While the Reserve Bank believes it has only now entered restrictive territory with rates, Nedbank said the environment has been restrictive since January. As such, it does not think the central bank will raise rates again and remain at current levels for the rest of the year.

But this comes with some caveats.

“With the rand vulnerable amid growing negative sentiment towards South Africa, our interest rate forecasts are still at significant upside risk,” the bank said.

According to Annabel Bishop, Investec’s chief economist, these risks are known to the central bank.
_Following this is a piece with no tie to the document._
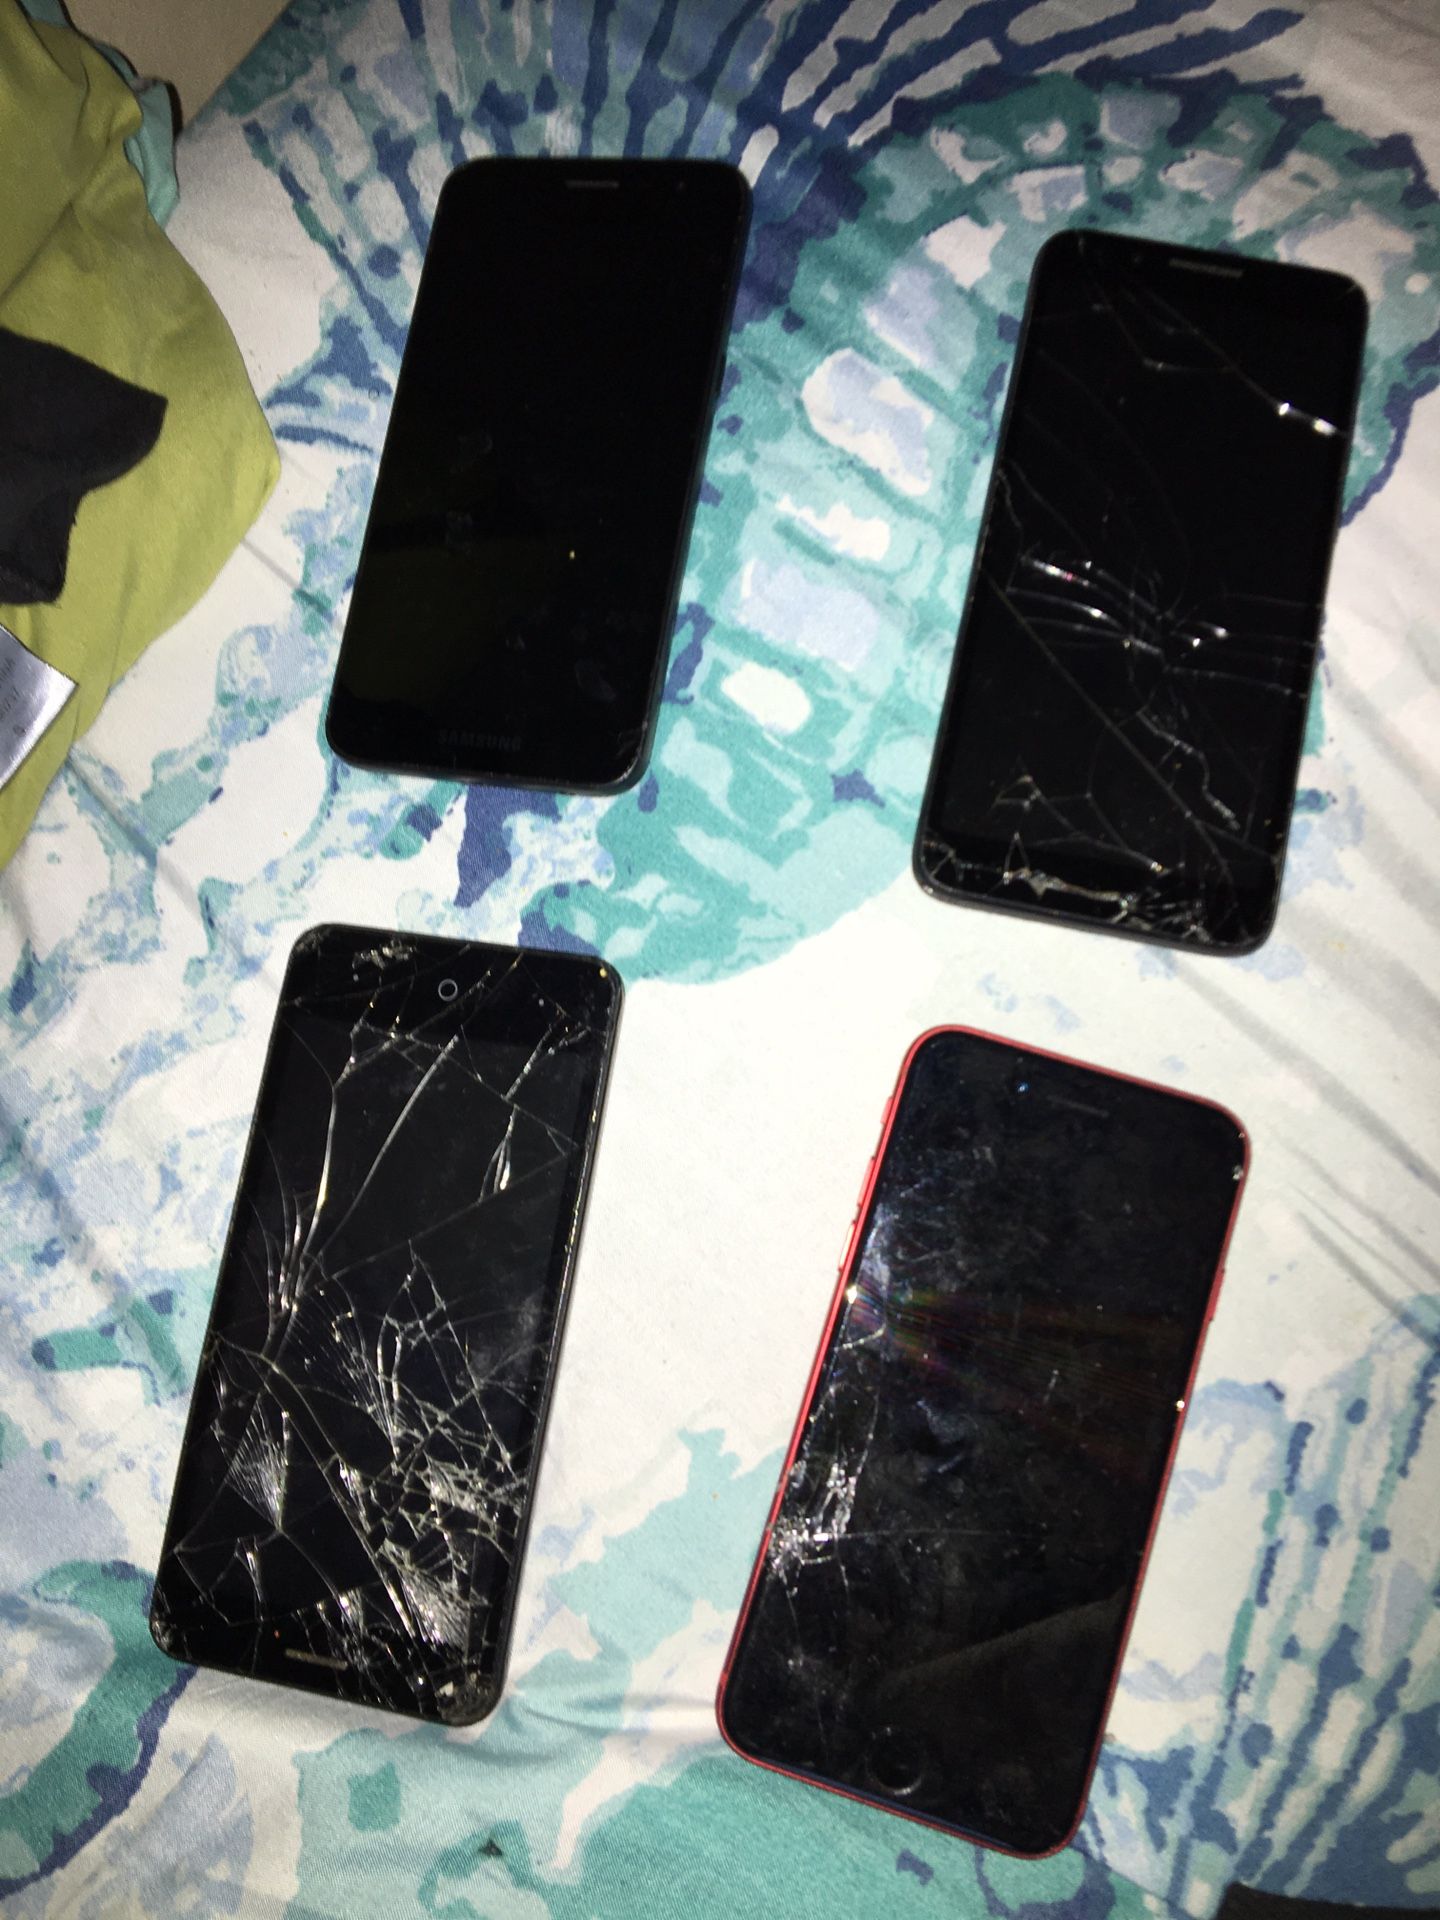 Five broken or locked phones
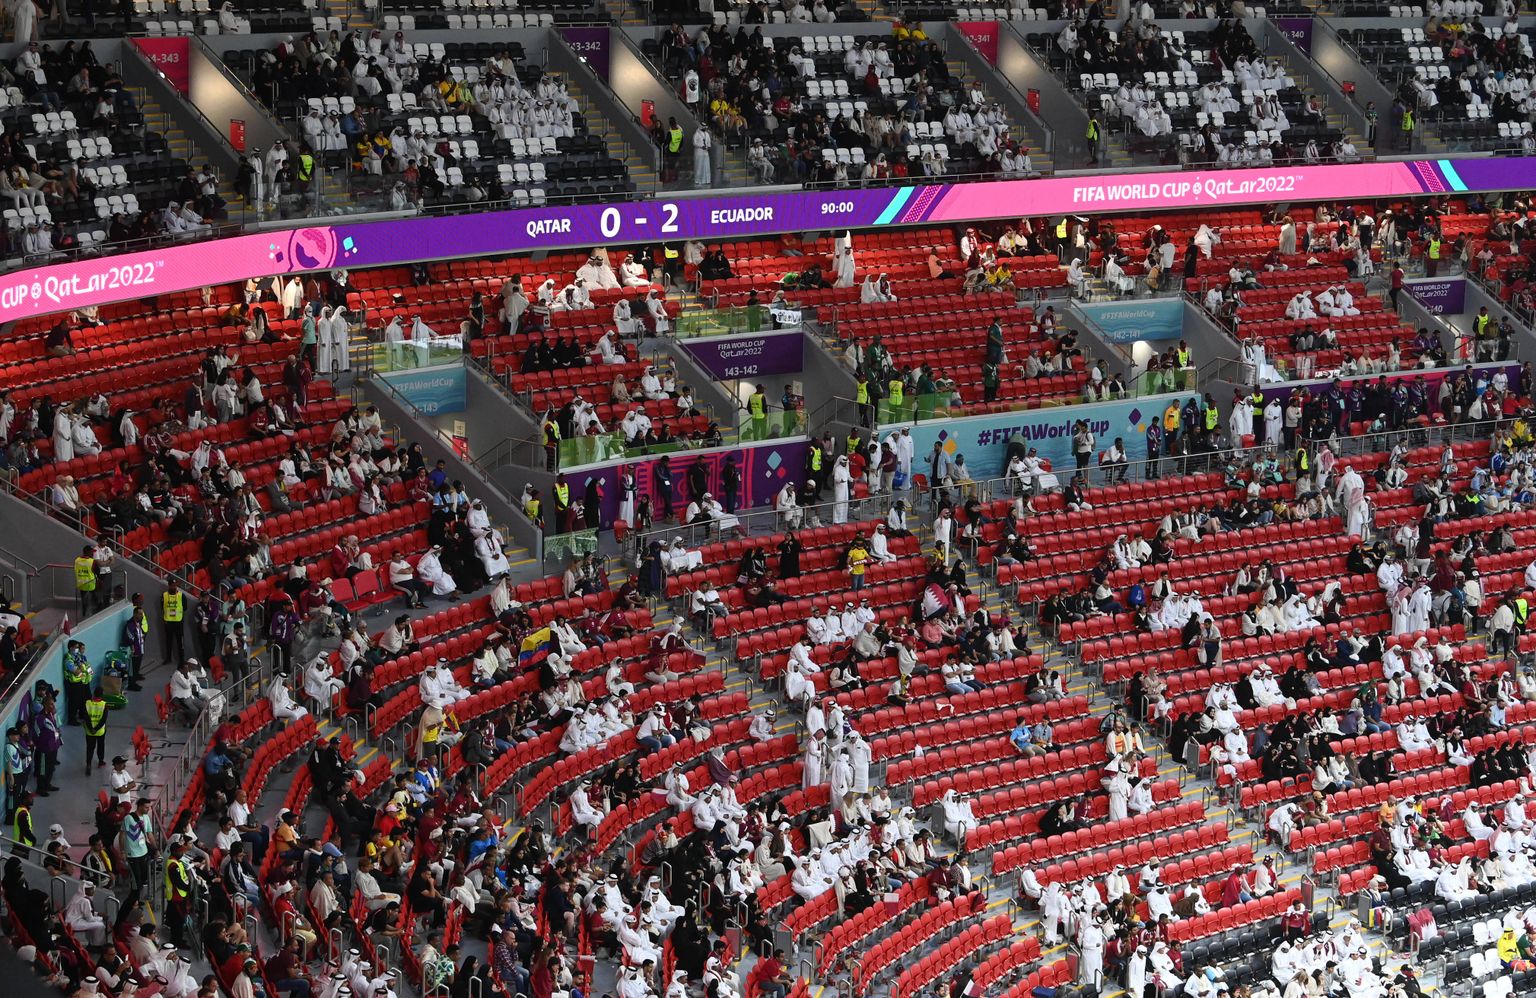 Публика на стадионе "Аль-Байт" во время матча Катар - Эквадор.

“On the domestic front, the economic environment remains very fragile. The country’s electricity supply situation is dire, with ongoing load shedding affecting all sectors of the economy,
declining confidence.

“Indeed, the SARB expects the divestiture alone to deduct two percentage points from growth this year,” she said.

“The SARB estimates that risks to the medium-term domestic growth outlook are balanced; however, it reiterated that both domestic and global growth prospects remain highly sensitive to new shocks.”

The next interest rate announcement is scheduled for 20 July 2023.